Content and Connection Revisited, Again

Mashable Ben’s recent op-ed on Facebook, Twitter and The Two Branches of Social Media prompted me to ask two of my favorite questions. How does this fit in with what I’ve posted? How does WordPress fit in?

Ben’s two branches are social networks and information networks. They correspond respectively to connection and content. The correspondence isn’t exact: for example, I see connection and content as two elements of that mix in different ways in different social media tools, rather than as separate branches. I agree with Ben that the distinction between social networks (which emphasize connection) and information networks (which emphasize content) illustrates a fundamental difference between Facebook and Twitter.

WordPress is more about content than about connection in that it’s more for building information networks than for building social networks. But of course, WordPress is a platform on which you can build pretty much what you want, and social networking has already been built on top of it, in the form of BuddyPress.

Blogging Since 2005 (or earlier)

Look Back At the Last 5 Years in Blogging? That’s not a bad idea, and it’s what Mashable Josh just did. He did it well enough that I won’t summarize his summary, so that you’ll have to read it for yourself.

I will, however, add a couple of points. First, I’d emphasize the rise and fall of blogging more than Josh did. I’d say that, over the last couple of years, blogging has become part of social media, which also includes Facebook, Twitter, etc. Blogging is not currently the social media leader in terms of numbers. The number favour connection, rather than content, in that they show Facebook uber alles. (Yes, I may be exaggerating here.)

Then there’s the matter of the A-list bloggers. I’d say that some of them have chosen A-list-ness over blogging, in that they have turned their blogs into media properties, with most content coming from employees, contractors, or guest bloggers. Pete Cashmore of Mashable is an example. I don’t begrudge such people their semi-retirement from blogging, and I certainly don’t object if their media properties make enough money for comfortable retirement, but I sometimes miss their blogging.

I myself have been blogging since 2004.

Journalist, Curator: not real-time jobs

Twitter Lists: Journalism Becomes a Real-Time Job is the title of a very recent post by Pete Cashmore, Mr Mashable himself. My real-time reaction to it was that real journalism is not a real-time job, since it requires fact-checking – and maybe even thought.

Perhaps I was reacting to the post title, when I should have been reading the post itself. After all, the post title is about one-third of the maximum length of a tweet.
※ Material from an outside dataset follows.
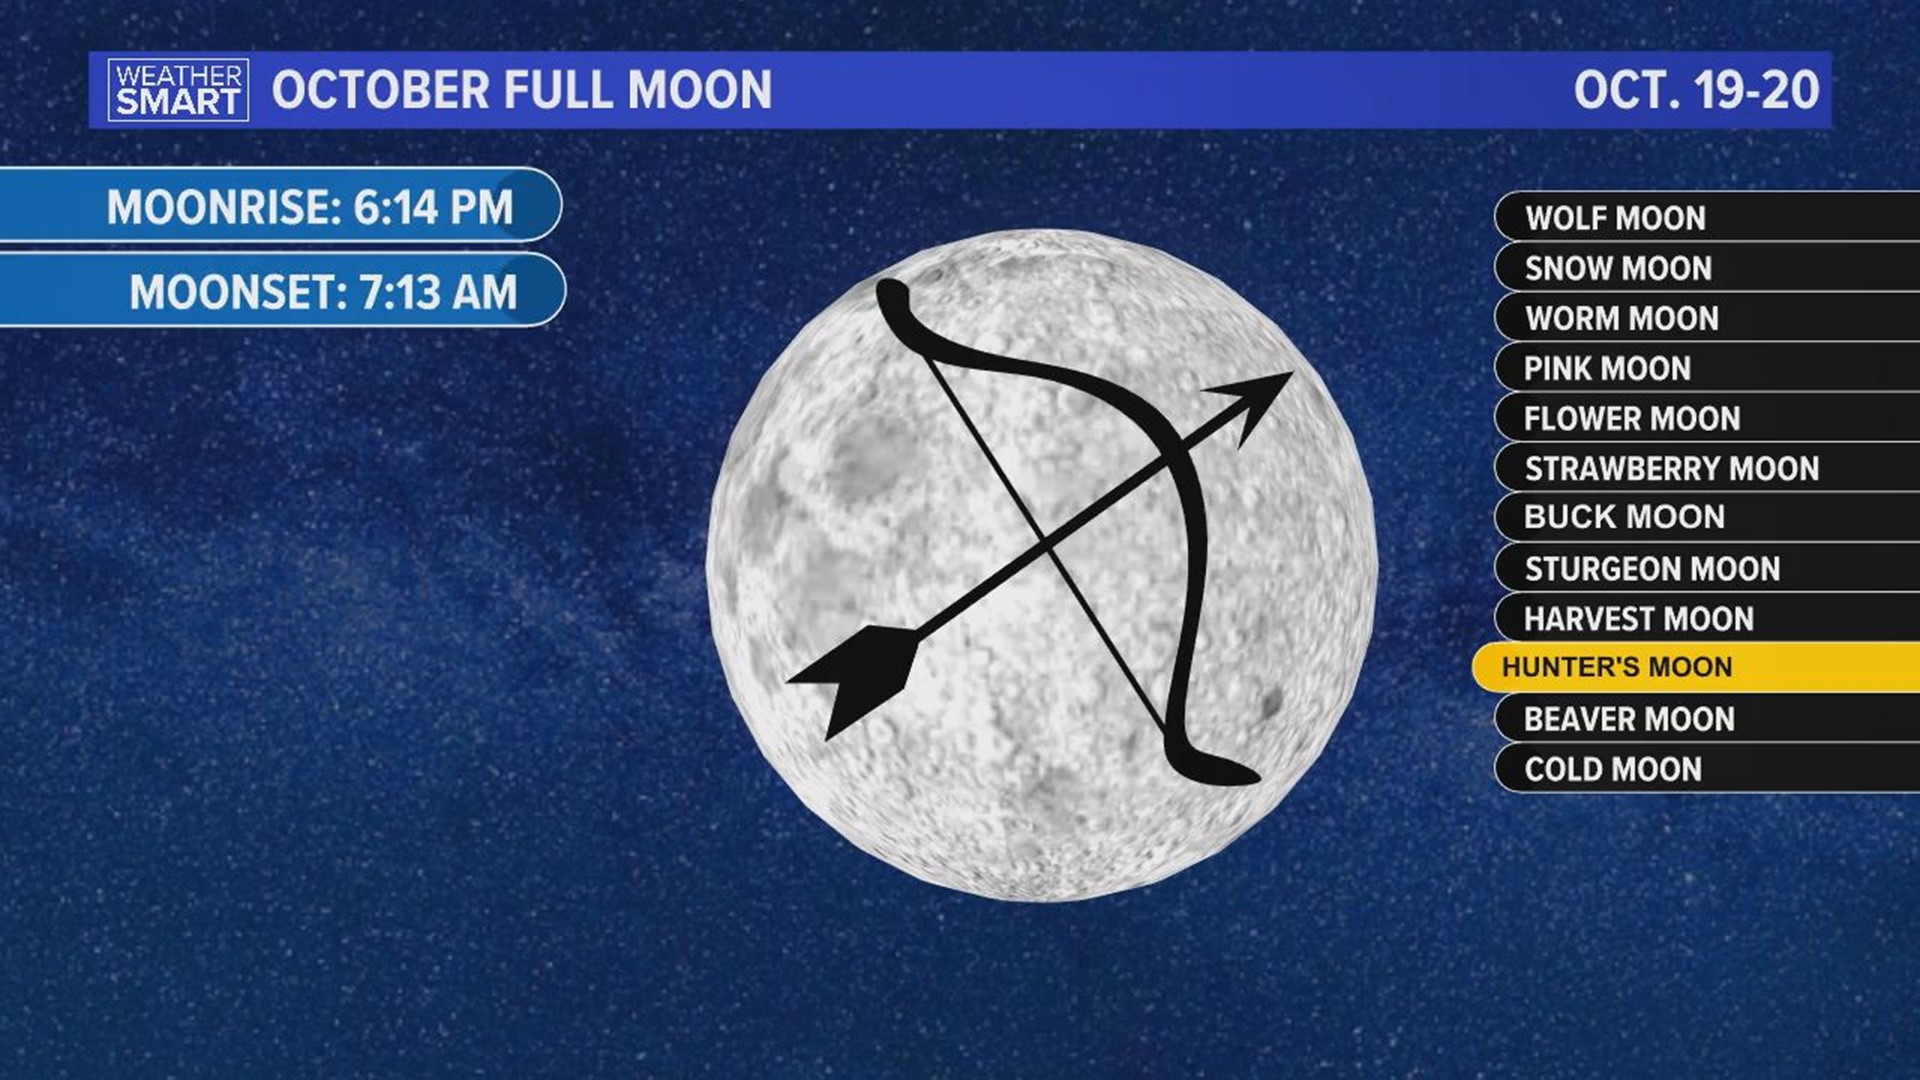 Two meteor showers and a full moon will be on display, though viewing conditions might not be perfect for every event.

The post is pretty much a pointer to Pete’s CNN.com article, in which he discusses “a new breed of editor: the real-time Web curator.”

Curator: that’s a word I see more and more these days. It has scholarly, thoughtful connotations. I’m not sure it fits well with real-time.

Wednesday Flashback

Once again, my review of the Wednesday-to-Wednesday week appears on a Thursday. Here goes:

Rumours of Surfing’s Death

Mark at Mashable proclaims that we can’t surf the web any more. Here’s some of the evidence he offers.

In the blogging world, everyone is concerned with PageRank and who gets the TechMeme headline, that they’re too afraid to link to someone that could be viewed as a competitor. At the service website, a certain level of hubris is required so that all links must lead inward – you allow the user to see a link that points away from your site, and you could lose that user, and blow your ROI (and if you do send them away, make sure you target _blank!). All of our web experiences become informational cul-de-sacs.

I don’t agree: as evidence against the above, consider the very blog is was posted on. Mashable itself is pretty good at linking, even to competitors – perhaps especially to competitors. And when Mark linked to an analogy between browsing and channel surfing, he didn’t tell my browser to open a new window.

And of course Google, still the success story of the web, doesn’t hesitate to send its users to other sites, and doesn’t open new windows when it does so. I’ll stop now before I describe Google as surfing 2.0, or as a smart remote control, or something like that.